Key Portfolio Updates
During the past 9 months up to Q1 2025, I sold all my holdings in Jiumaojiu and China Education Group, and trimmed down my holdings Kangji Medical and PSBC, in order to add to Anta Sports and Yuexiu Service, while initiating new positions in Wise Plc and Pluxee NV. With the above selling framework in mind, I shall explain my actions here in more details:
Jiumaojiu (HK:9922) - I wrote about this company in my last letter, I initiated a small position beginning in Q1 2024 as the valuation of the company came down a lot (from the peak of c.$35 in Q1 2021 to $5 in Q1 2024) due to what I thought were temporary headwinds as the management navigated a fiercely competitive environment coupled with weak consumer spending in China. However, after the 2024 results were released, it became clear that the challenges facing the company are immense and the new brands meant to provide new growth pillars didn’t materialise. As I always had an aversion to the F&B retail industry and seeing that Haidilao instead was doing much better, this was a signal that the thesis may be broken. Once it became clear that the industry headwinds were too severe and any remaining moat was illusionary, I decided to sell. A side note: with such an immense industry challenge, Haidilao was still able to deliver an industry-beating performance demonstrates how well the company is being run. Haidilao has again proven its magic (more on this and Yihai International in the next letter).
China Education Group (HK:839) - After holding for almost 4 years, and having analyzed the sector and all its companies listed in HK, I have came to a conclusion that the regulatory headwinds are too severe with no hint of improvements in sight, and that the steadily increasing dividend growth story may not be a straightforward case. The longer the delay in any progress towards government granting approval to convert schools to ‘for-profit’, the less conviction I have in the belief that the government will eventually open up this industry. Moreover, the recent huge impairment loss in goodwill and intangible assets (wiping out almost 70% of FY2024’s net profits) relating to prior acquisitions, meant that the overall industry prospects are dim as student enrolments and the ability to increase fees are not as easy as previously thought. Though such impairment losses do not impact cashflows, it does destroy the value of the business since it meant that past acquisitions were overpaid. All these imply that the steady high dividend yield ‘fixed income’ thesis may be broken - indeed, the latest FY2024 dividend has dropped 24% to RMB10.28c per share, while no interim dividend was declared for FY2025 (vs. RMB18.77c in FY2024), all of which have hammered the share price tremendously.
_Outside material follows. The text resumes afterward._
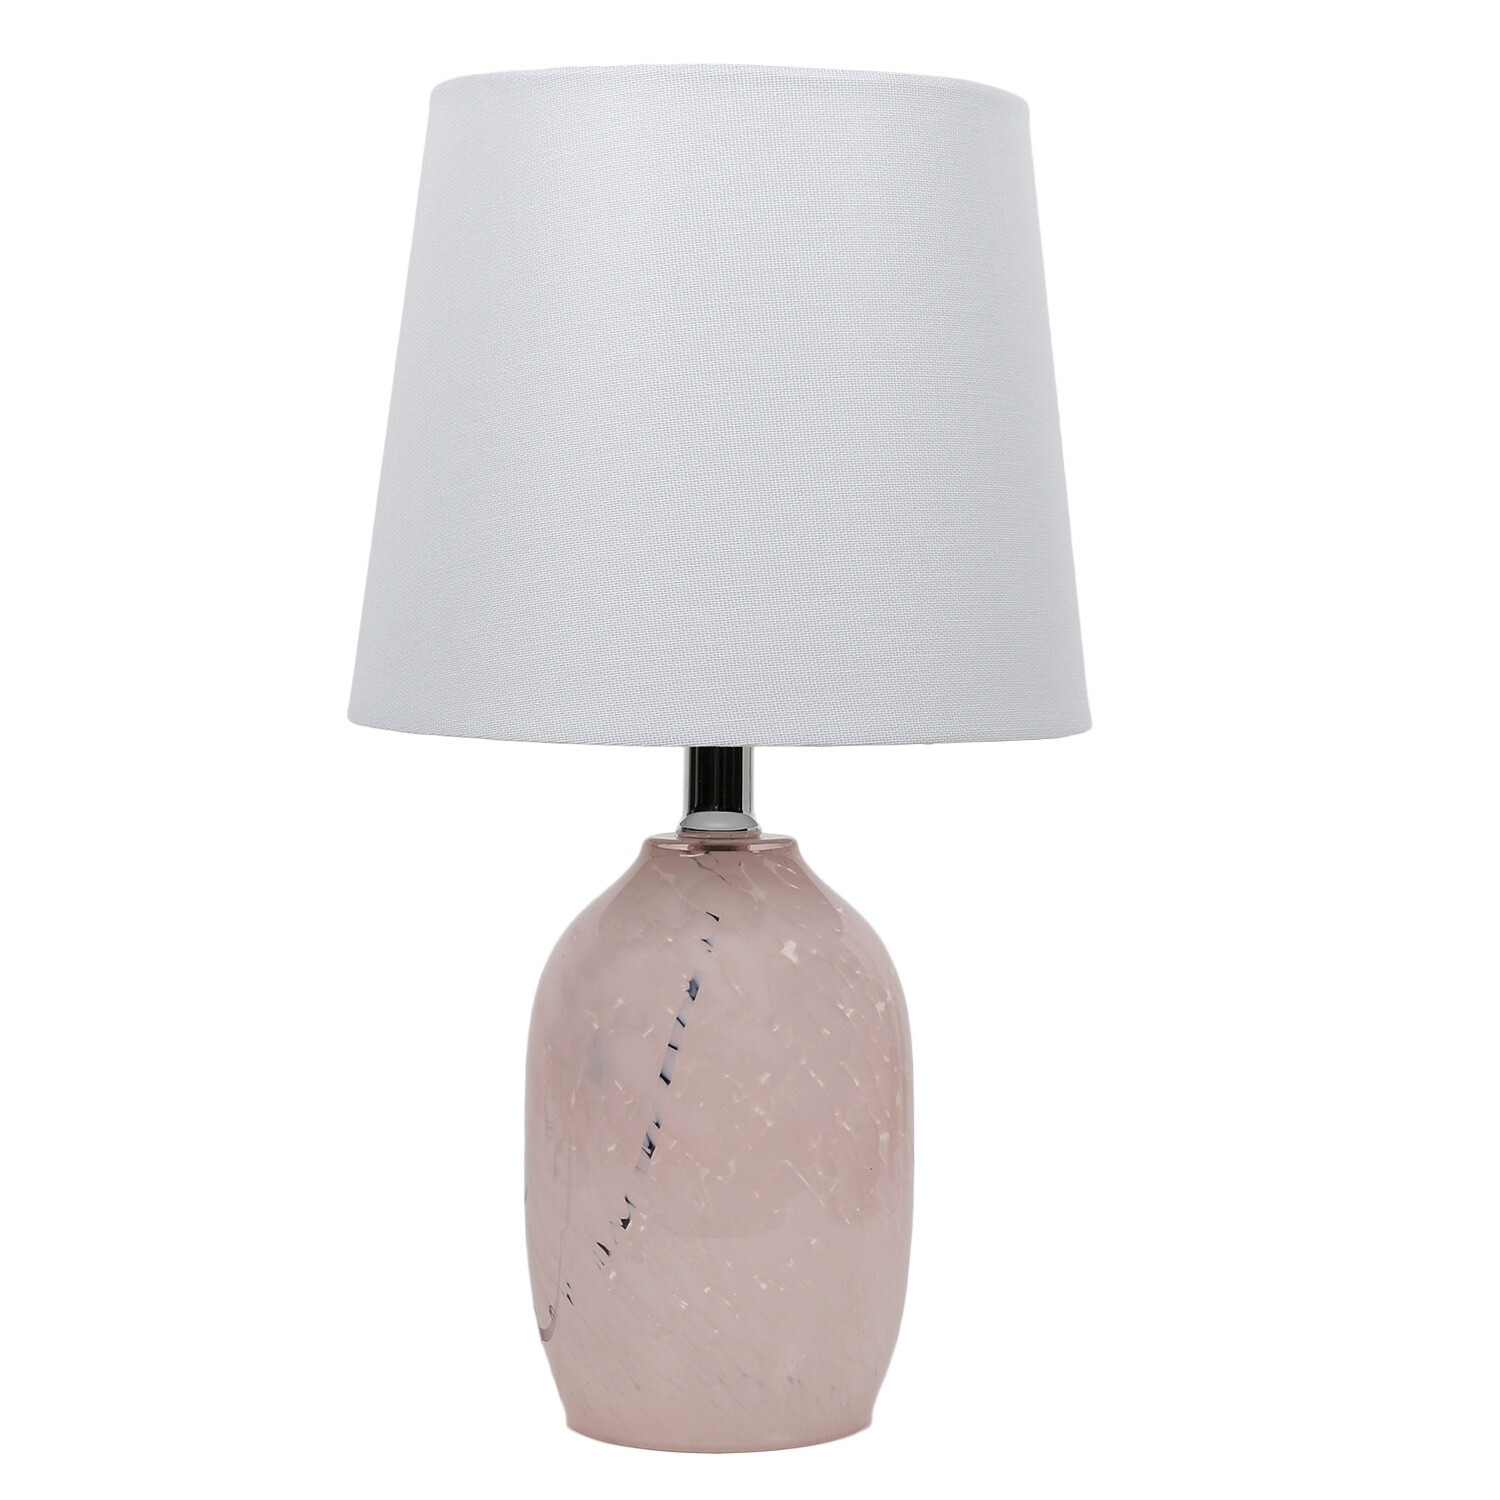 Alessia Table Lamp Image 1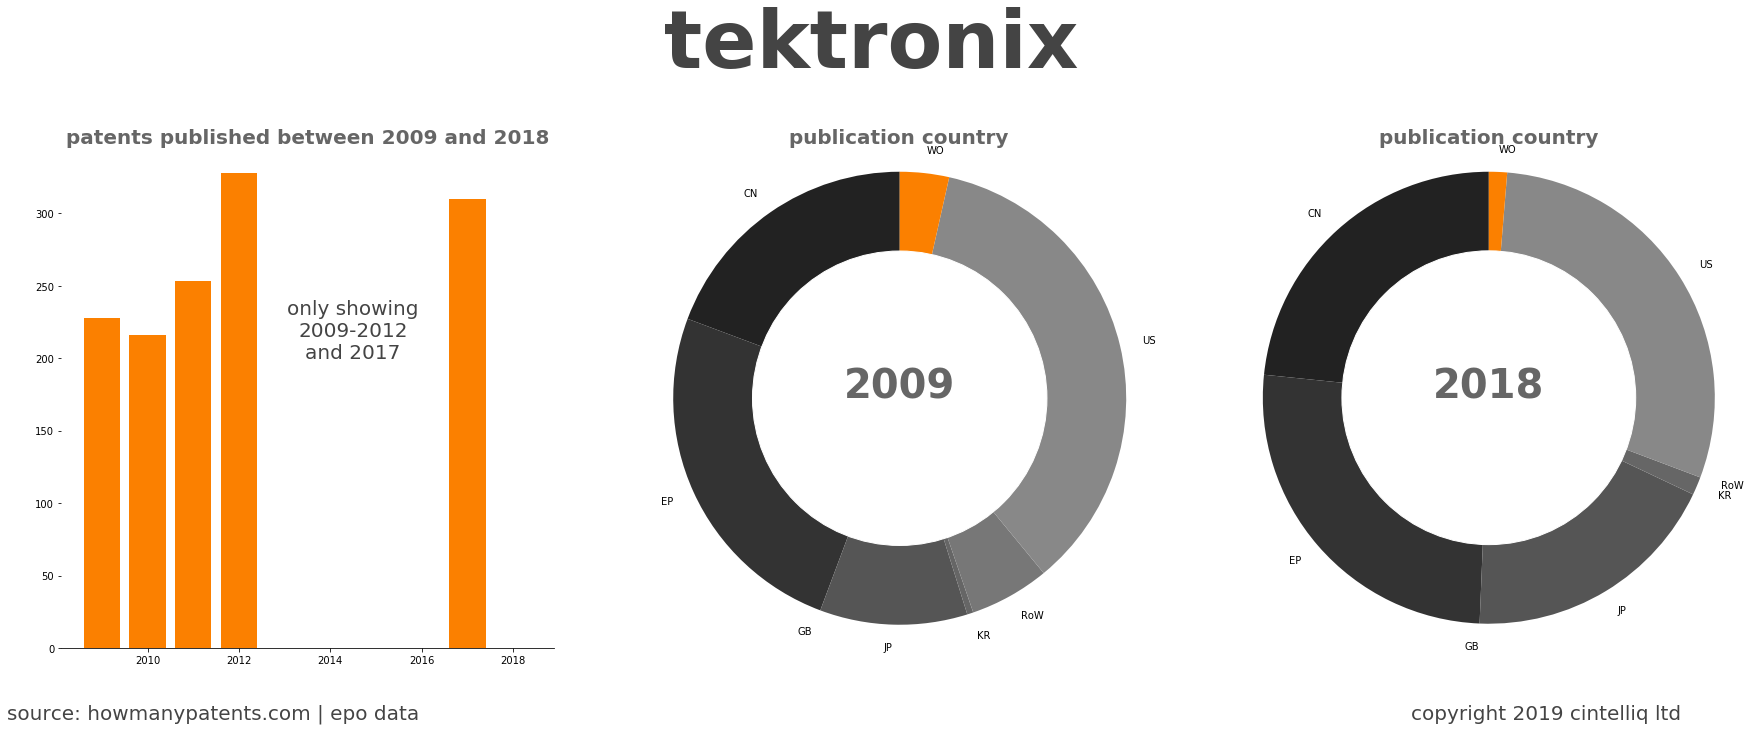 summary of patents for Tektronix

Having said that, I still believe that CEG is the most well run company among the higher education stocks in China, but until the government shows more tangible actions towards opening up the industry, it should remain ‘uninvestable’ in my view.
That’s all for now. I shall write about the buy decisions on Wise Plc and Pluxee NV in my next letter on H1 2025 results, due around Sept 2025. Thank you for your attention. Lastly, as usual, I will end this post with the following quote:
"It is obvious that the performance of a stock last year or last month is no reason, per se, to either own it or to not own it now. It is obvious that an inability to "get even" in a security that has declined is of no importance. It is obvious that the inner warm glow that results from having held a winner last year is of no importance in making a decision as to whether it belongs in an optimum portfolio this year."